American actress (1892–1965)

Leila Bennett (November 17, 1892 - January 5, 1965) was an American film actress who primarily appeared in supporting roles as either slapstick sidekicks, mousy maids, and scatterbrains.

== Early life ==
Bennett was born in Newark, New Jersey, into a working-class family; her father worked as a newspaper editor and her mother was a part-time stenographer and housewife. The whole family was affiliated with the church of Christian Science.

== Acting career ==
After working through the Harry Blaney Stock Company in Brooklyn, New York, she began her career on the New York stage in 1919 portraying the character of 'Mandy Coulter' in the comedy production Thunder. She was praised for her role, which was performed in black-face, by the New-York Tribune.
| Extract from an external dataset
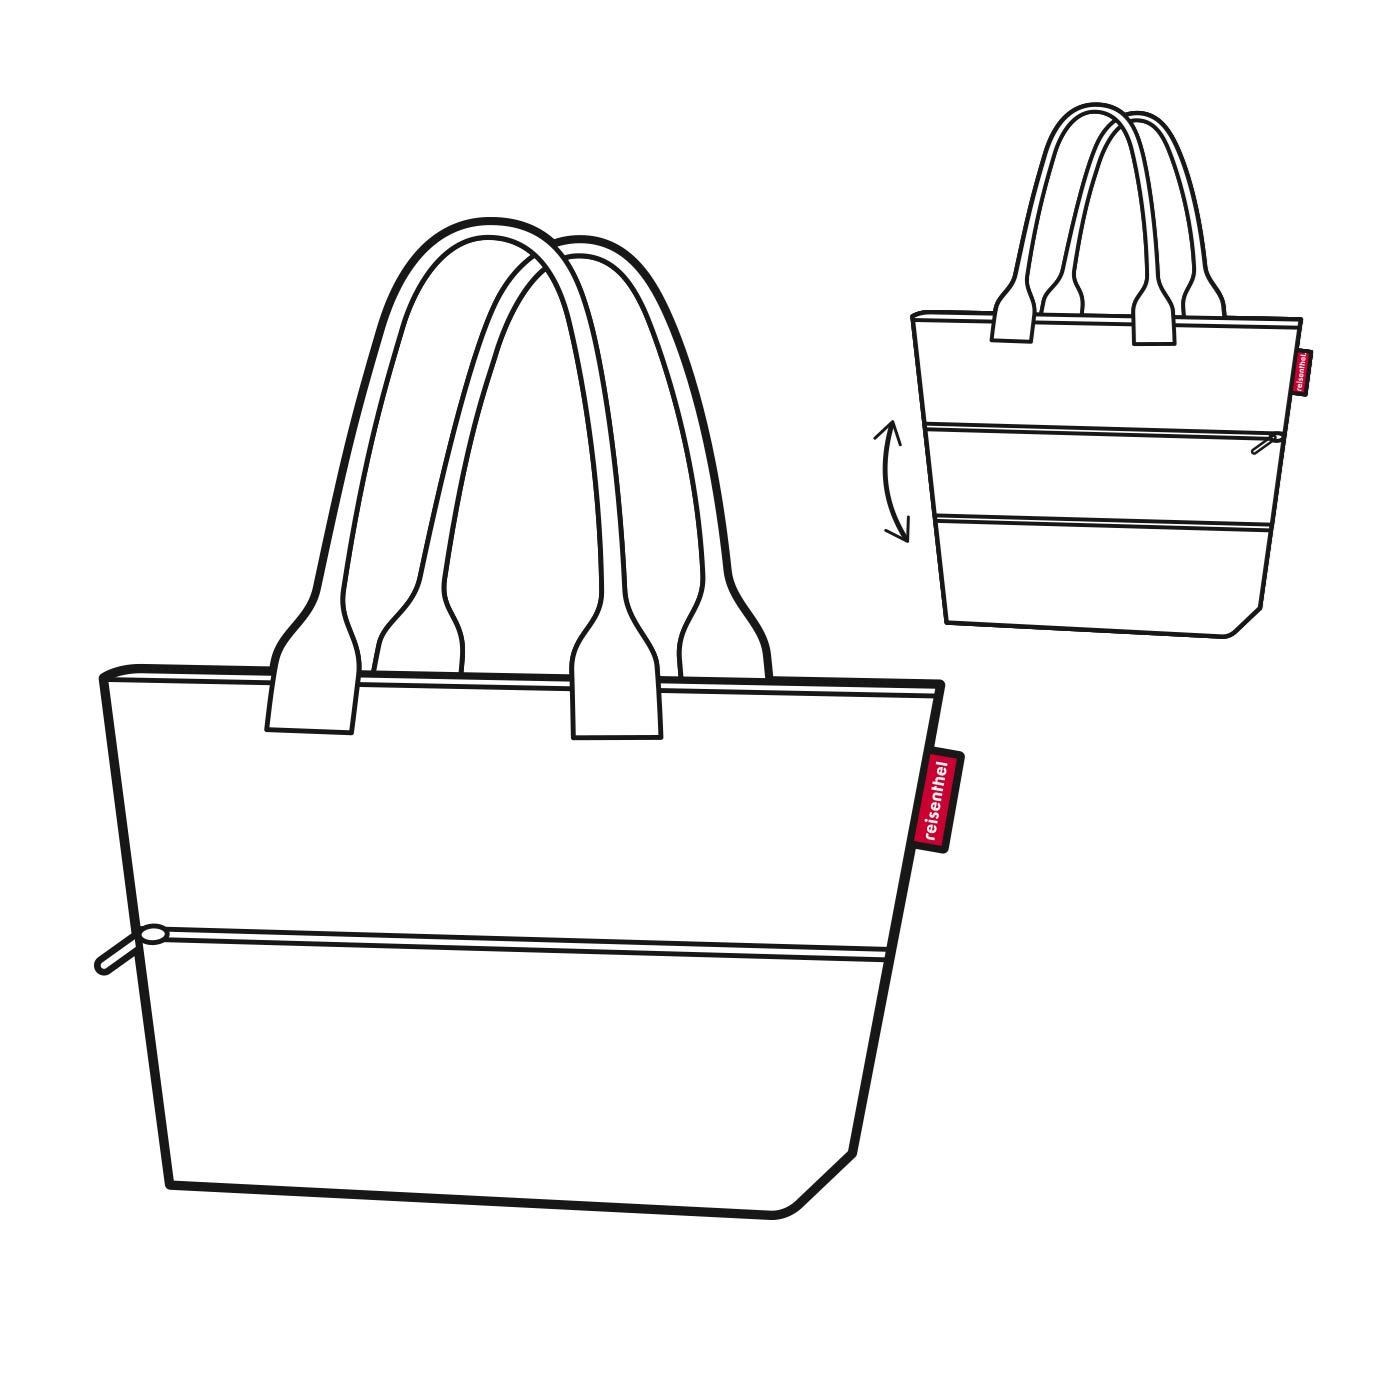 Chytrá taška přes rameno Shopper e1 twist azure_4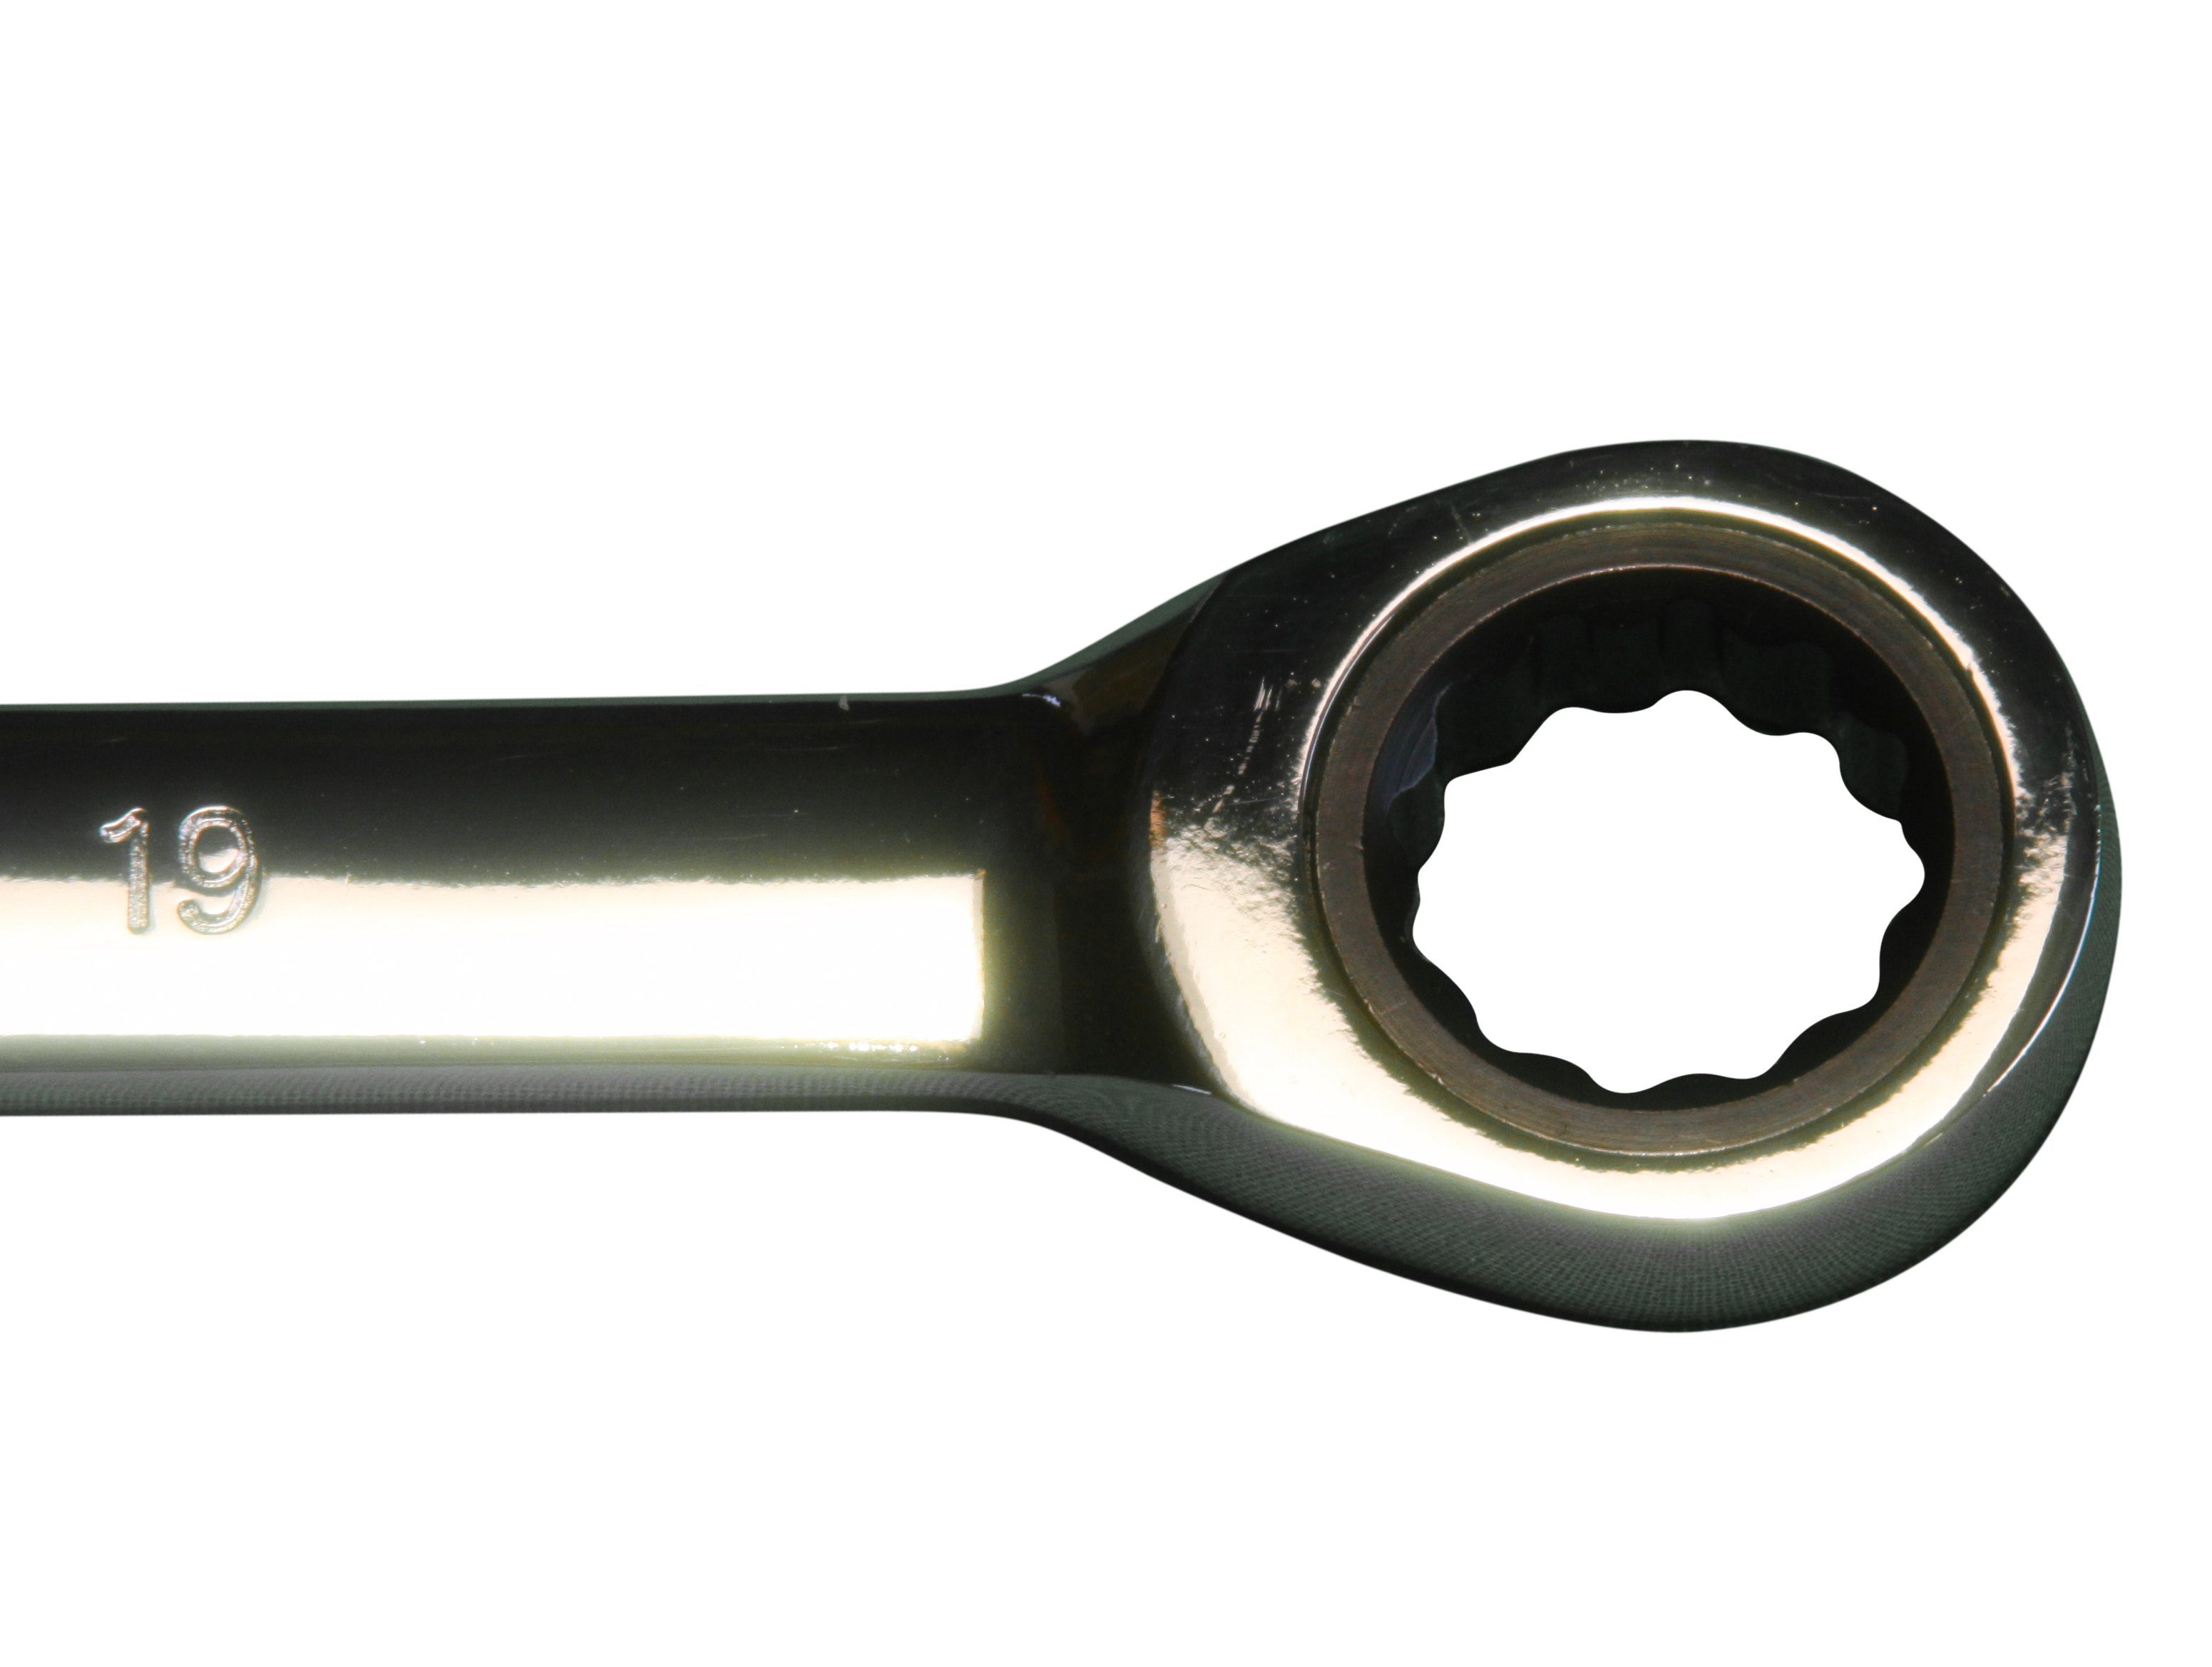 PeTools Ratschenringschlüssel 22-tlg. Ratschen-Schlüssel Maul-Schlüssel-Satz 72 Zähne 6-32 mm Ringratschen Chrom-Vanadium-Stahl 5° St), (22

She also was featured in the plays The First Year (1920–22), The Wheel (1921), Chicken Feed (1923–24), A Holy Terror (1925), It's a Wise Child (1929–30), and, in what was her final stage appearance, Company's Coming (1931). Following her departure from live theatre in 1931, she continued her craft on the screen making her film debut in an uncredited role in Gentleman's Fate playing a lunch counter attendant. Her next role came in the film Emma (1932) playing a maid opposite the likes of Marie Dressler and Myrna Loy followed by a role in Taxi! (1932) opposite James Cagney and Loretta Young. In 1932 alone she appeared in six films; others being The Purchase Price with Barbara Stanwyck, Tiger Shark, and Doctor X with Lee Tracy and Fay Wray. In 1933, she appeared as Anna May Wong's ladies maid in A Study in Scarlet. She was very much a freelancer and floated around Hollywood doing numerous films at such studios as Warner Bros., RKO Radio Pictures, Columbia Pictures, and Metro-Goldwyn-Mayer. In Mark of the Vampire (1935), she played a "terrified maid." In 1936 she appeared as Edna Hopper in Fury opposite Spencer Tracy and Sylvia Sidney, providing "splendid support," according to the Chillicothe Constitution-Tribune.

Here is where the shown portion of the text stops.